Key Rule: Courts rarely pierce the veil in contract cases unless there’s fraud, illegality, or total domination for personal gain. “Sharp practices” alone don’t suffice. Case Snippet: The Theberges failed to get a personal guarantee from a corporate principal. They claimed he misled them about personal backing. The Maine Supreme Court found no fraud or illegal conduct, refusing to pierce the veil.
Gardemal v. Westin Hotel Co.
Key Rule: A parent isn’t automatically liable for its subsidiary’s actions unless the parent exerts such complete control that the subsidiary is a mere alter ego. Case Snippet: A hotel guest drowned at a Mexican Westin hotel. The plaintiff tried to hold the U.S. parent (Westin) liable. The Fifth Circuit rejected it, finding the subsidiary was a separate entity and not fully controlled by the parent.
OTR Associates v. IBC Services, Inc.
Key Rule: A parent may be liable for a subsidiary’s debts if the subsidiary has no real independent existence and is used to perpetrate fraud or injustice. Case Snippet: Blimpie created IBC solely to hold franchise leases with no assets or employees. A landlord believed it was dealing with Blimpie. The court pierced the veil, finding Blimpie used IBC as a shell to evade obligations.
Manichaean Capital, LLC v. Exela Techs., Inc.
Key Rule: Delaware courts weigh factors like undercapitalization, insolvency, and lack of formalities. They may also use “reverse veil-piercing” in rare cases to prevent fraud or injustice. Case Snippet: Creditors of SourceHOV Holdings alleged Exela dominated SourceHOV and siphoned funds to avoid paying debts. The court recognized both traditional veil-piercing (targeting the parent) and reverse veil-piercing (reaching subsidiaries’ assets), given the allegations of fraud.

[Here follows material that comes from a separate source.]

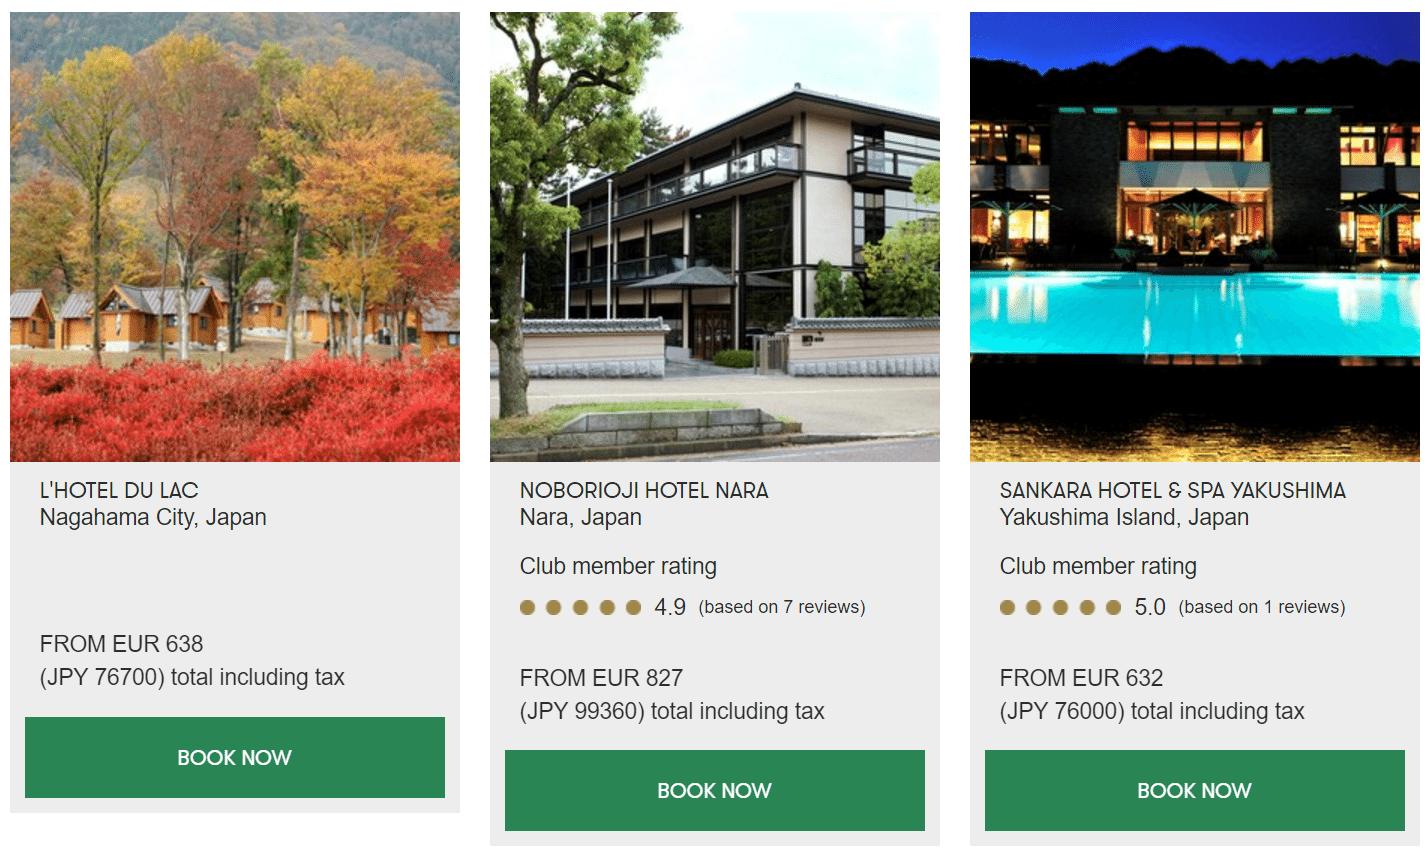 Slh preise japan 2 for Slh hotels deutschland

Equity-Linked Investors, L.P. v. Adams
Key Rule: Directors must maximize long-term value for common shareholders unless there’s a specific contractual right for preferred shares or the company is insolvent. Case Snippet: A struggling biopharma firm secured financing favoring common shareholders’ long-term survival over immediate liquidation for preferred holders. The court ruled there was no breach because directors had no special duty to prioritize the preferred’s liquidation preference.
Klang v. Smith’s Food & Drug Centers, Inc.
Key Rule: Under Delaware law (§160), a firm can repurchase its shares if it doesn’t impair capital, measured by “surplus.” Courts defer to good-faith valuations absent fraud or bad faith. Case Snippet: Smith’s repurchased stock even though book values showed negative net worth. The Delaware Supreme Court upheld the repurchase, endorsing a fair valuation over strict book values.